Conjugates are essential when it comes to rationalizing denominators that contain irrational numbers, such as square roots. The conjugate of a binomial expression is generated by changing the sign between two terms. In the case of a binomial expressed as \(a - b\), the conjugate would be \(a + b\). Similarly, for \(a + b\), the conjugate is \(a - b\). This method is incredibly useful because it eliminates the radical part when multiplied with the original binomial, resulting in a rational number.
For instance, in the problem \(\frac{7 + \sqrt{5}}{7 - \sqrt{5}}\), the denominator is \(7 - \sqrt{5}\). Thus, its conjugate would be \(7 + \sqrt{5}\). By multiplying both the numerator and denominator by this conjugate, we get rid of the square root in the denominator. This operation forms a part of what's called the 'conjugate pairs', helping transform complicated fractions into simpler, more manageable expressions without changing their value. Remember, multiplying by a conjugate is like multiplying by 1, which is why the fraction's value stays the same.

Simplifying fractions involves reducing a fraction to its simplest or most compact form. This typically means finding the greatest common divisor (GCD) for the numerator and the denominator and then dividing both by the GCD. However, when dealing with fractions that involve radicals or roots, simplifying additionally involves ensuring that there is no irrational number in the denominator. This is often achieved by rationalizing the denominator.
In the exercise, once you've applied the conjugate, the expression \(\frac{54 + 14\sqrt{5}}{44}\) appears. This expression can be simplified further by noticing that both the numerator and denominator are divisible by common factors. For example, if each term in the numerator and the denominator can be divided by the same number, you perform the division to each term individually. Here, we divided by 2 to transform the fraction to its simplest form: \(\frac{27}{22} + \frac{7\sqrt{5}}{22}\).
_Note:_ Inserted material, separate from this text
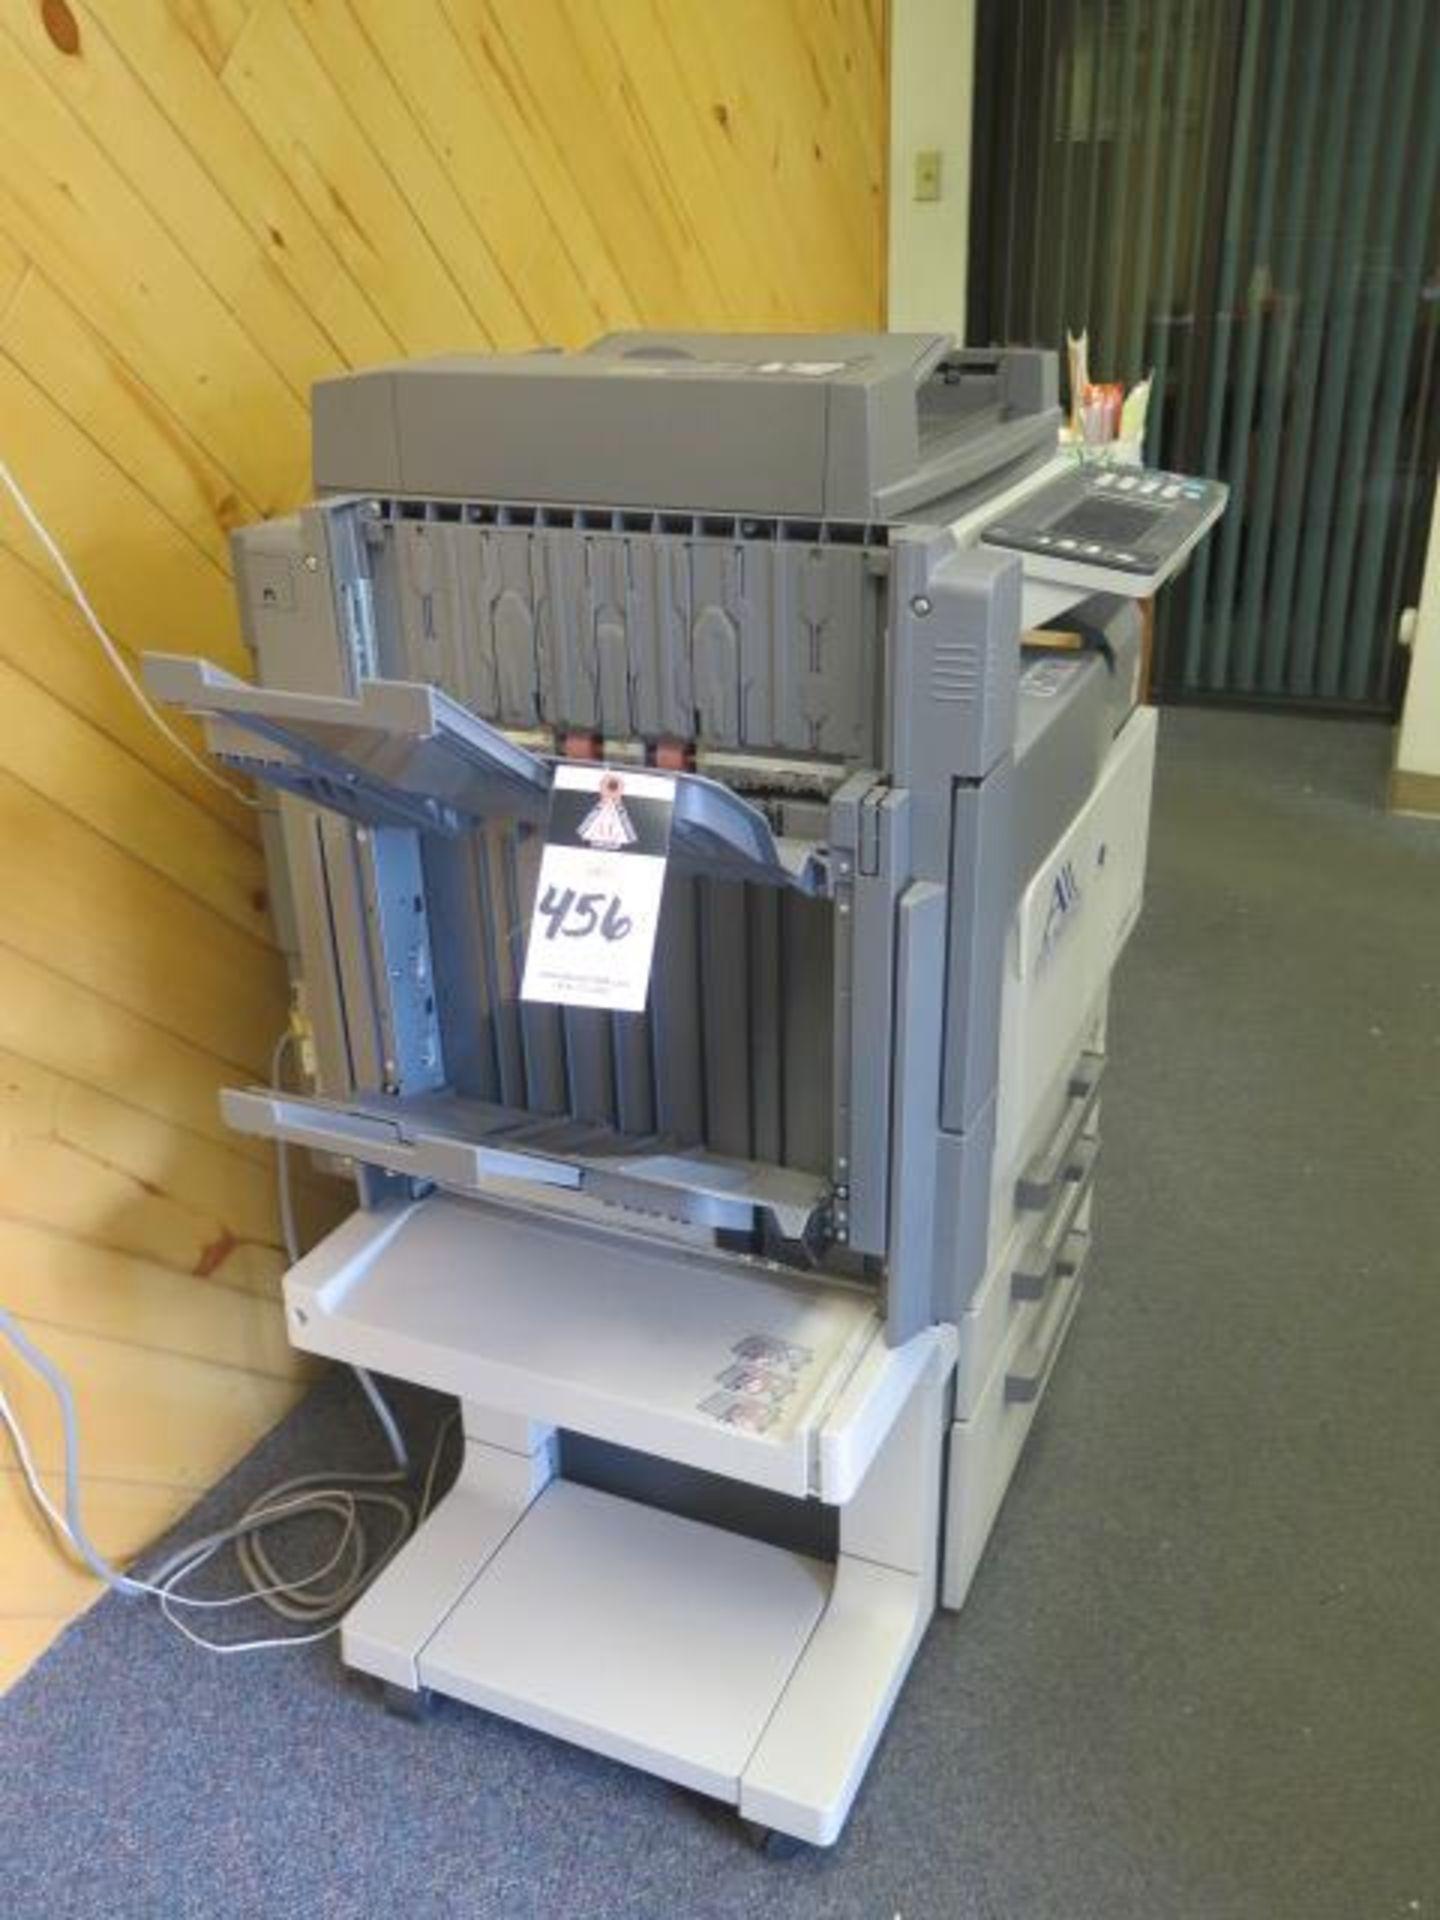 Konica Minolta bizhub C252 Color Copy Machine - Image 3 of 5

Throughout the process of simplifying, it is crucial not to change the fraction's actual value, only its form.

The difference of squares is a very helpful algebraic rule that simplifies the product of a binomial and its conjugate into a straightforward subtraction of squares:

• The formula for the difference of squares is \(a^2 - b^2\).
• It applies directly to the multiplication of conjugate pairs: \((a - b)(a + b) = a^2 - b^2\).
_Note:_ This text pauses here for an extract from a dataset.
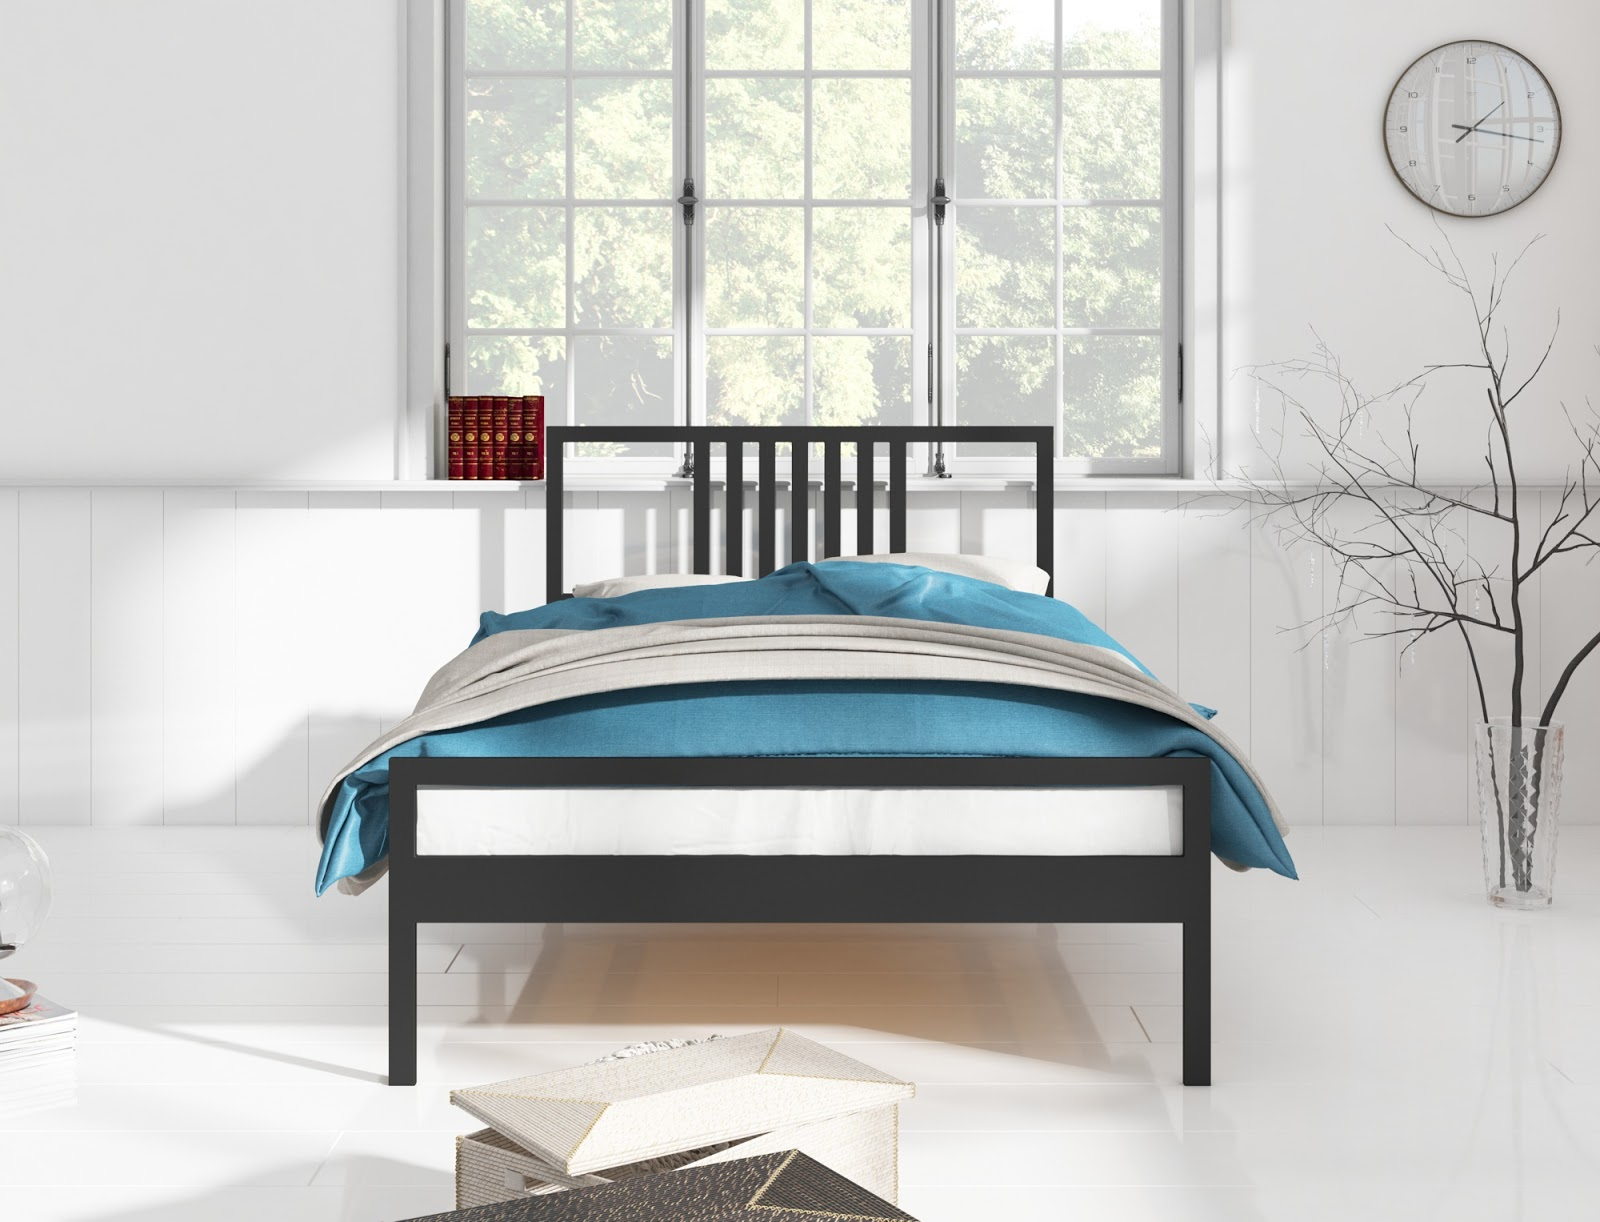 Łóżko metalowe wzór 34

In the solution provided, when multiplying the conjugate \((7 + \sqrt{5})\) with the original denominator \((7 - \sqrt{5})\), this method drastically simplifies the calculation: \((7 - \sqrt{5})(7 + \sqrt{5}) = 7^2 - (\sqrt{5})^2 = 49 - 5 = 44\). This simplification occurs because the terms involving the square root cancel each other out, leaving a simple subtraction.
Recognizing situations to apply this concept can save a lot of time and effort. It is a frequently used technique in algebra to aid in rationalizing denominators and is key in advancing from basic algebra toward more complex mathematics.